Australian wine is not one amorpheous category of course: from the cool climate of Tasmania, to the heat and sunshine of the Barossa, to the ocean-influenced temperate zone of Margaret River, this vast country encompasses enormous diversity of soils, landscape and climate. Regionality is alive and well, and whilst it may not have the thousand-year track record of Burgundy’s villages, many regions have developed specialisms and a reputation for the quality of wines from certain varieties.
I met up with Wakefield’s winemaker Adam Eggins via Zoom, for a tasting of two wines that source fruit from Wakefield’s home base in the Clare Valley, but blend it with a significant proportion from another region that has a specific reputation for the variety. The Chardonnay, for example, blends 66% fruit from Clare with 34% from Margaret River in Western Australia, while for the Cabernet Sauvignon, 44% of Coonawarra fruit is blended with the home vineyard.
The Jaraman project started around 20 years ago, with a good friend and grape grower in Coonawara who had been let down by a prospective buyer, and had Cabernet Sauvingon to spare, so Adam asked Wakefield’s owners if he could take it. The blend was so successful that it sparked off the dual-regional idea, and for the next vintage they began to look for Adelaide Hills Chardonnay, McLaren Vale Shiraz, and other key regional components that would feature in a new premium range, called Jaraman.
Adam touched on the forthcoming 2020 vintage. October and November saw severe frosts that caused a lot of problems with fruit set, then the bush fires swept through nearby regions like Kangaroo Island and the Adelaide Hills, but Clare was spared. It did mean that some Adelaide growers suffered smoke taint and the fruit Wakefield could take was greatly reduced. A heatwave followed, and “vintage 2000 looks really good, though of course Coronavirus has made the winemaking operation very complicated, with social distancing in place and a ‘no contact’ policy.”

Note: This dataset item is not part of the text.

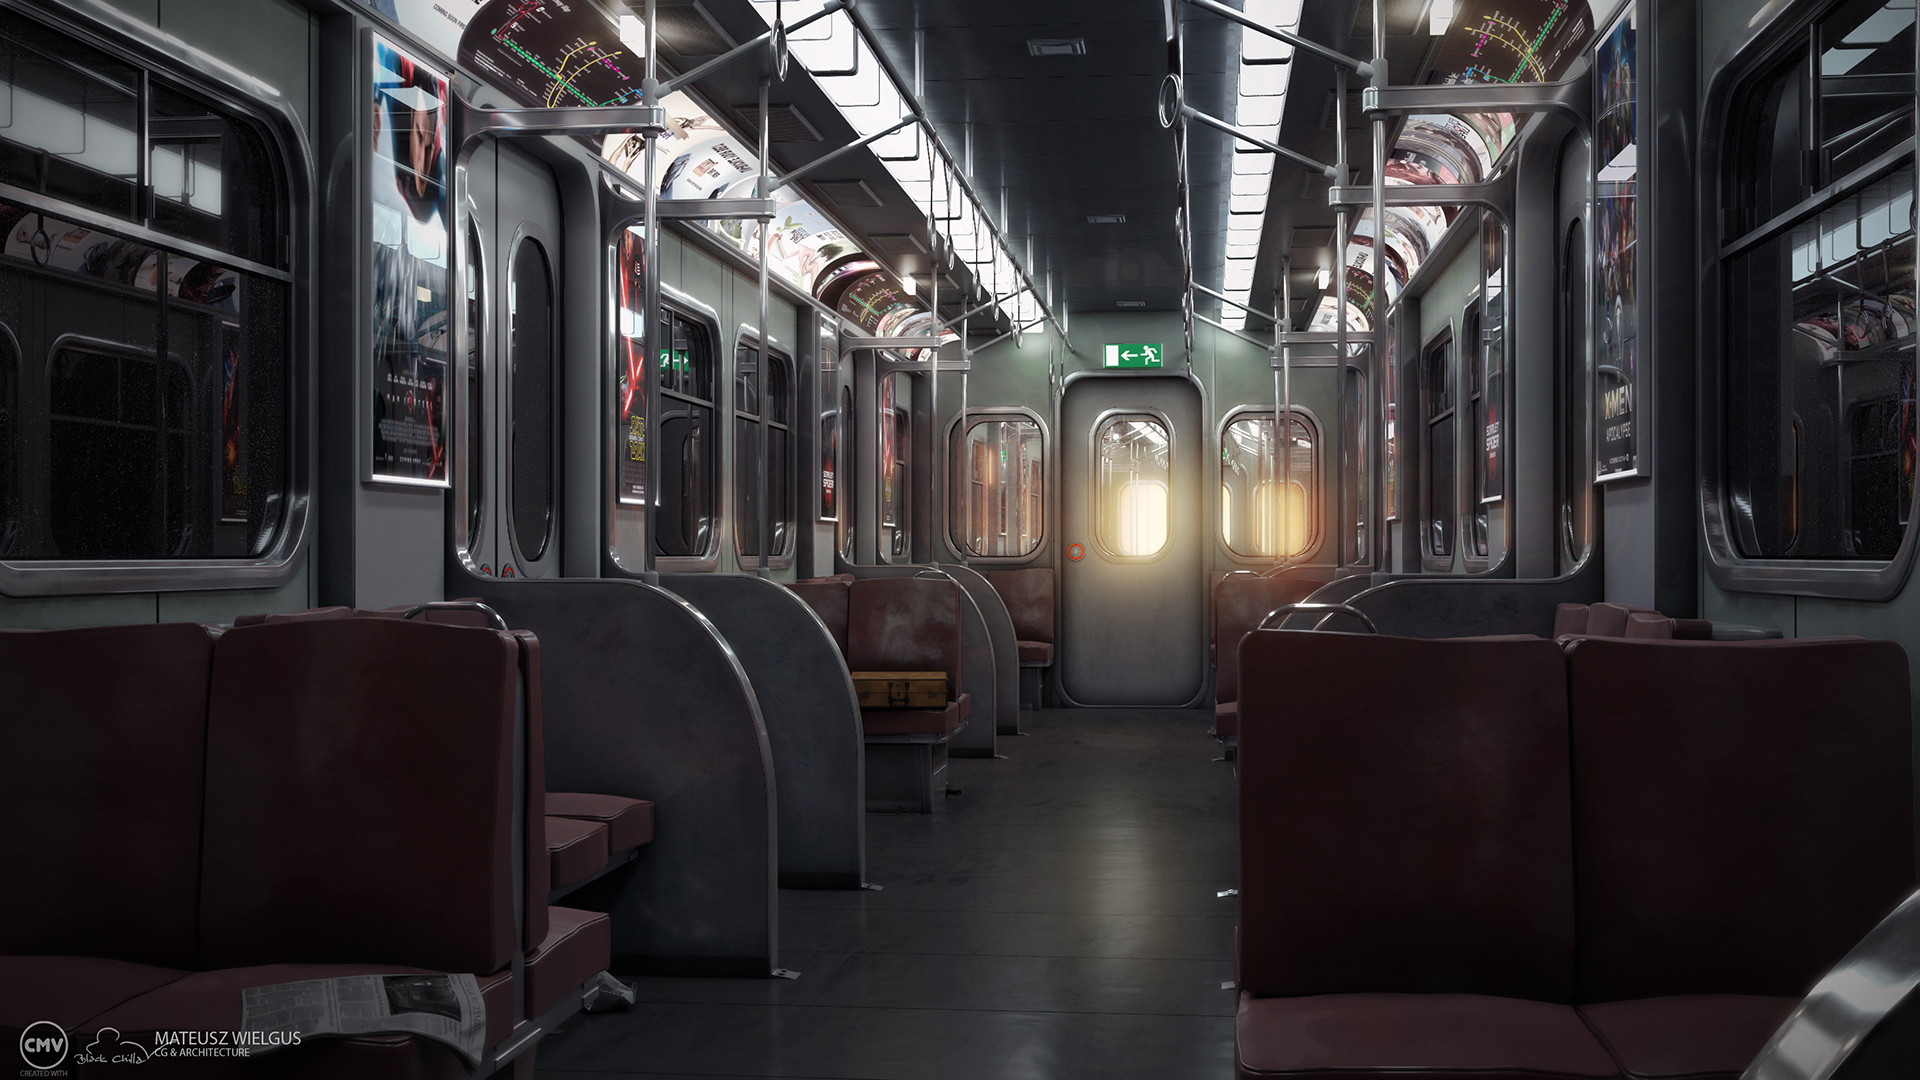 Interior train scene showing generated materials: metal, glass, fabric, paper

2019 and 2020 were both basically drought years, so yields are restricted, but quality is good in Clare – yield down around 30% as it is in some areas. “On the quality side fruit is amazing, on the yield side it’s been a very tough season.” That affects red wines most, because the vines tend to be planted on shallower, less rich soils.
The Wines
I would taste the Jaraman Chardonnay and Cabernet Savignon. Commenting on a flint character in the Chardonnay, Adam says that mostly comes from the Margaret River fruit, though Clare is moving from the richer riper style of Chardonnay, to pick a little earlier, and he is leaving the wine on the solids longer to allow complexity to develop. Comparing it to their St Andrews Chardonnay, he says “St Andrews is a very rich, powerful wine, but Jaraman is deliberating trying to do something different. With oak we are aiming for no oak smell at all, but the subtlest, finest enhancement to the wine.”
He stresses the important of getting the oak right in the Cabernet too: “The acid line of great Cabernet oak is what we look for – the tighter grained oak seems to impart a fine line of acidity – so the wine lives in a natural acid atmosphere. When we fine with egg whites, it helps to just softens the phenolics.”